To whom it may concern at the Stone Center,

My name is Maggie MacPherson and I was a recipient of the Stone Center

Summer Field Research Grant in the summer of 2013. In my application I explained that I would be returning to northern South America in an effort to study the physiology of a migrant bird: The Fork-tailed Flycatcher (Tyrannus savana). This year I traveled to the Southern Rupununi grassland in southern . The short trip began in Georgetown, the capitol of Guyana, where I obtained my research permits and arranged meetings with the local university and avian research group

Guyana Feathered Friends (GFF). Once my research permits were obtained I flew, with my field assistant into the interior of the country, to Lethem, on the border. In Lethem we met with the daughter (Kayla) of the ranch manager (Duane) where I will conduct the remainder of my research for my dissertation. Her and her husband (Leeroy) drove us the lengthy journey into , deep inside the Southern Rupununi grassland.

Once arrived in Dadanawa we quickly became friends with the local ranch hands, cowboys, and the ranch manager’s family. We caught Fork-tailed Flycatchers in the morning around feeding trees and discovered that the birds in Guyana were feeding on a plant unique to the area. The plant (shown below) is used to make a drink called “para kari” or just “kari”, a fermented cassava wine or beer. Local

Amerindian people use the leaves of this plant as a source of yeast for their traditional drink. We suspect that this results in flycatchers reaching higher numbers in the areas surrounding villages due to the abundance of these plants near human habitation.

The local tree referred to as “beshawud” in the local native language of Wapishan. This tree is cultivated near people on the Rupununi savannah and the leaves are used as a source of yeast for fermentation of the local cassava wine or beer called ”kari”.

During our field expedition I was able to catch 23 individual Fork-tailed

Flycatchers from both resident and migrant subspecies of Fork-tailed Flycatcher. I took feather, claw, and blood samples from every individual and measured morphometrics. As a stipulation with the Guyanese governing body for environmental research, I hired a local counterpart to be my field assistant while in the field. Kooldeep Looknauth (below) is a member of the Southern Rupununi

Conservation Society (SRCS), a group responsible for the stewardship of a recently discovered remnant population of a bird commonly used in the pet trade out of

Venezuela and Guyana called the Red Siskin. I trained Kooldeep to capture, mark and take samples from wild birds safely and efficiently with the hopes that he will be able to share his experience with other local individuals working to study the annual habits of the Red Siskin.

Kooldeep (affectionately called ‘General’) using my binoculars to watch Fork-tailed Flycatchers fly into roost near to our mist nets.
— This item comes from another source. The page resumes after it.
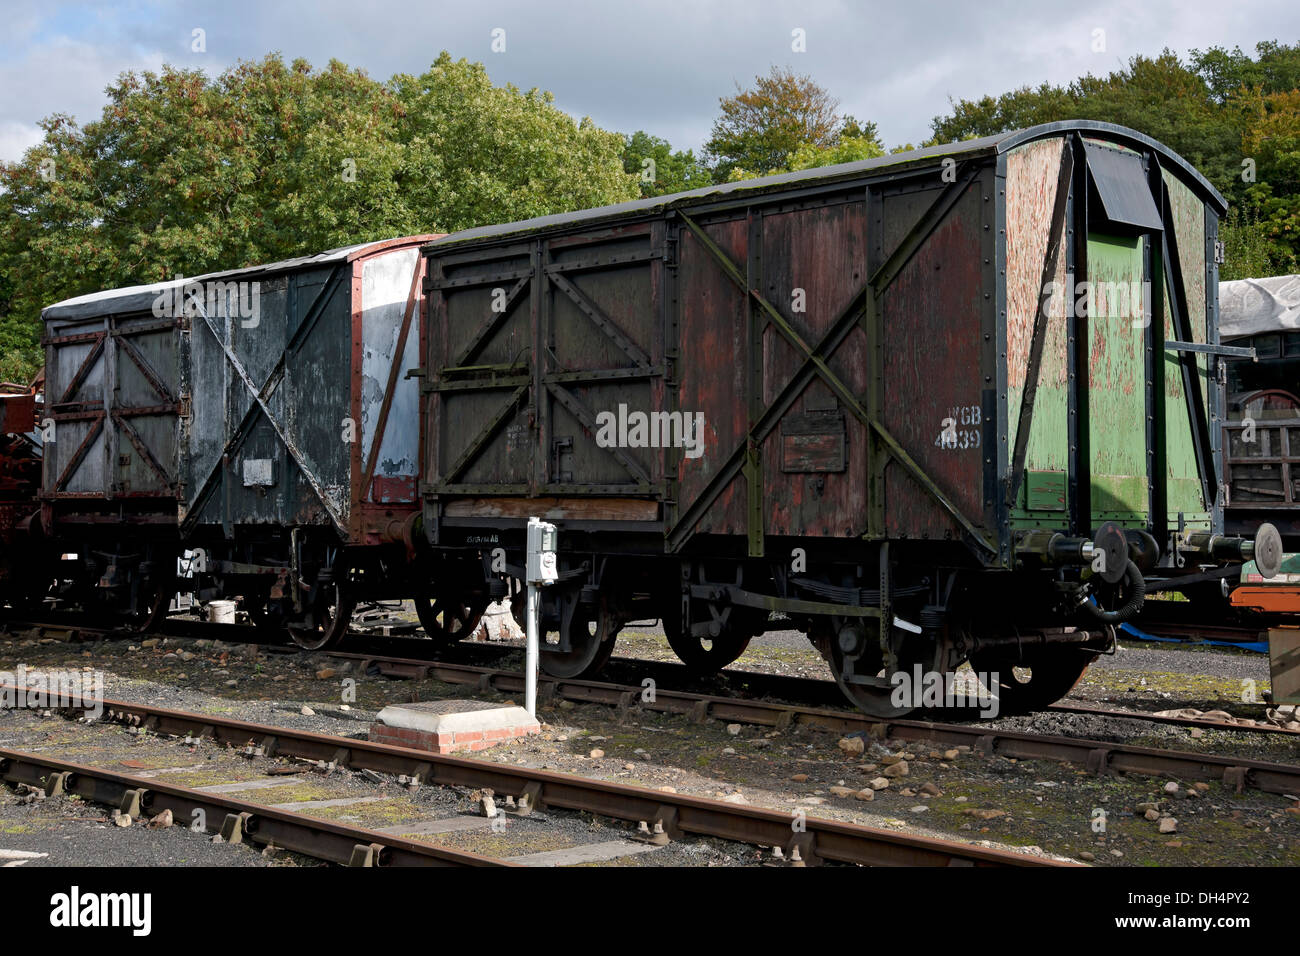 Old freight rail railway train wagons wagon North Yorkshire England UK United Kingdom GB Great Britain Stock Photo

In addition to working with the SRCS and my local counterpart, Kooldeep, I also tried to work with local Amerindian children to encourage them not to kill migrant birds with their homemade slingshots for sport. Shown below is a picture of me teaching the son of a ranch cowboy how to safely hold a passerine bird, and another photo bird watching with a boy from a nearby village. There is a strong desire within the local Amerindian villages to preserve wildlife from new mining and ranching development and so it is my hope that the people I spend time with in

Guyana will gain meaningful skills to help them in their pursuit to preserve their land.

Teaching local boys how to safely hold passerine birds (left). Birdwatching with a local Wapishani boy to teach him how to use binoculars (right).

The field season has ended in a success I didn’t think could have been possible. I have reservations to continue this research in Guyana at Dadawana ranch in the Southern Rupununi savannah. This pilot season was an enormous success in allowing me to make personal contacts with the governing body for research permits (EPA Guyana), researchers and undergraduate researchers looking for honors thesis projects at the University of Guyana, and find local conservation groups with motivated individuals. I will be working with the SRCS and GFF to promote bird conservation in the only South American country where it is still legal to trade parrots and toucans. I am confident in the bright future I will have working in Guyana, and thank the Stone Center for helping me achieve this opportunity!!